Frequently asked questions
- What is DNS propagation?
- When you change a DNS record, recursive resolvers around the world keep serving the old cached value until that record's TTL expires. 'DNS propagation' is the period during which different resolvers return different answers — usually 5 minutes to 48 hours, depending on the previous record's TTL.
- How long does DNS propagation take?
- Most authoritative-level changes propagate within the previous record's TTL. Common defaults: 300 seconds (5 min) at CDN providers, 3600 seconds (1 hour) at most registrars, and up to 172,800 seconds (48 hours) for nameserver delegation changes (NS records at the registry).

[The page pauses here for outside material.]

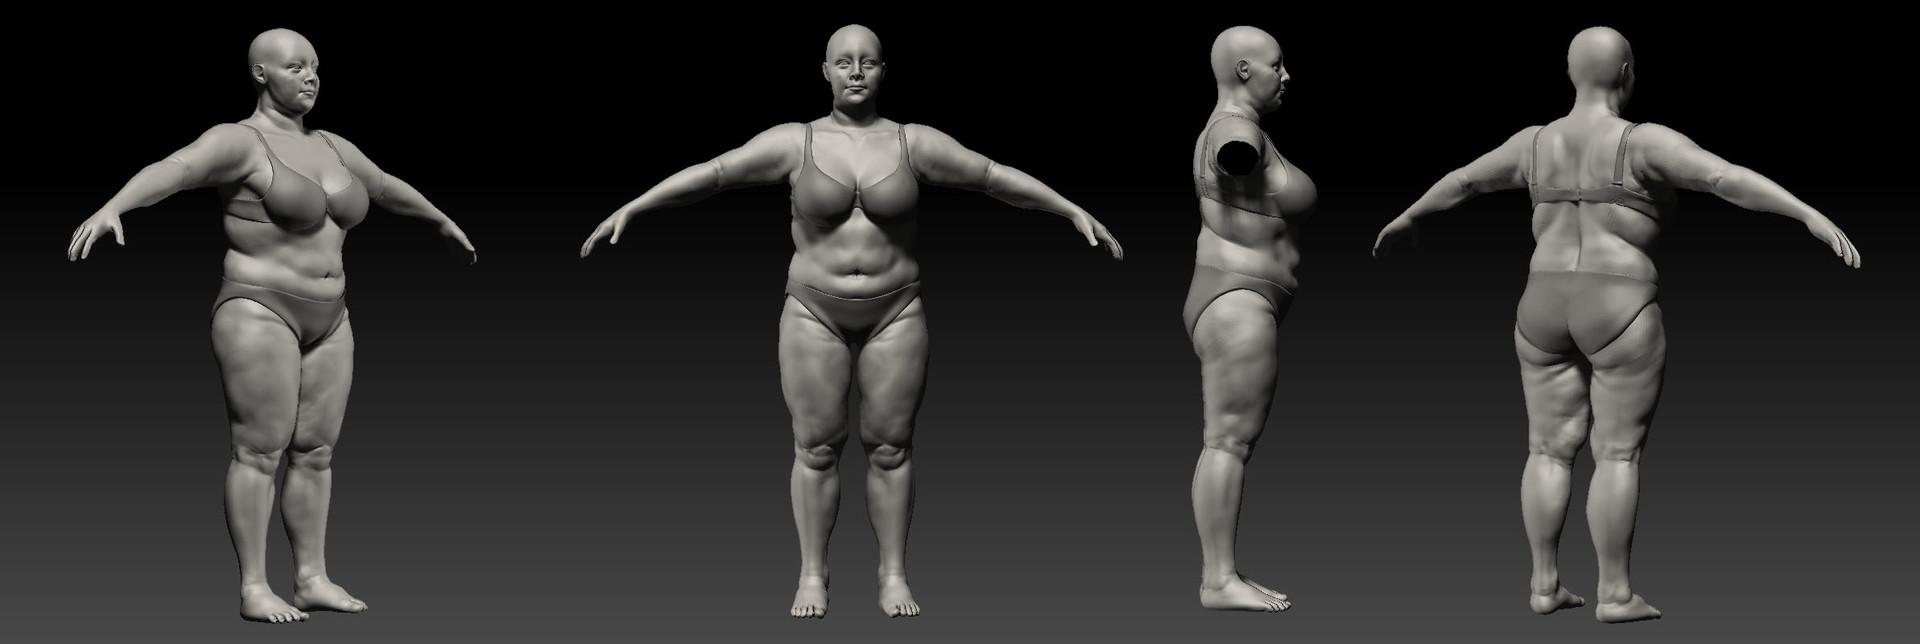 Jin hao villa overweight woman

- How do I check DNS propagation worldwide?
- Enter your domain and pick the record type. The tool queries 85 resolvers in parallel, colors each location green (matches consensus), amber (different value), or red (no record). The world map shows the geographic spread at a glance.
- What is the difference between dnsverifier.com and whatsmydns.net?
- Both visualize global DNS resolution. dnsverifier.com queries 85 resolvers across 60+ countries (vs ~25 on whatsmydns.net), supports DNSSEC and the full record set including CAA / DS / DNSKEY, falls back to TCP and DNS-over-HTTPS when UDP/53 is blocked, and streams results live as each resolver responds.
- Why does one resolver show a different result?
- Most commonly: that resolver cached the old value and its TTL has not expired. Less commonly: the resolver is GeoDNS-aware and your authoritative server is returning a region-specific answer. Anycast resolvers can also serve different POPs depending on the client's network path.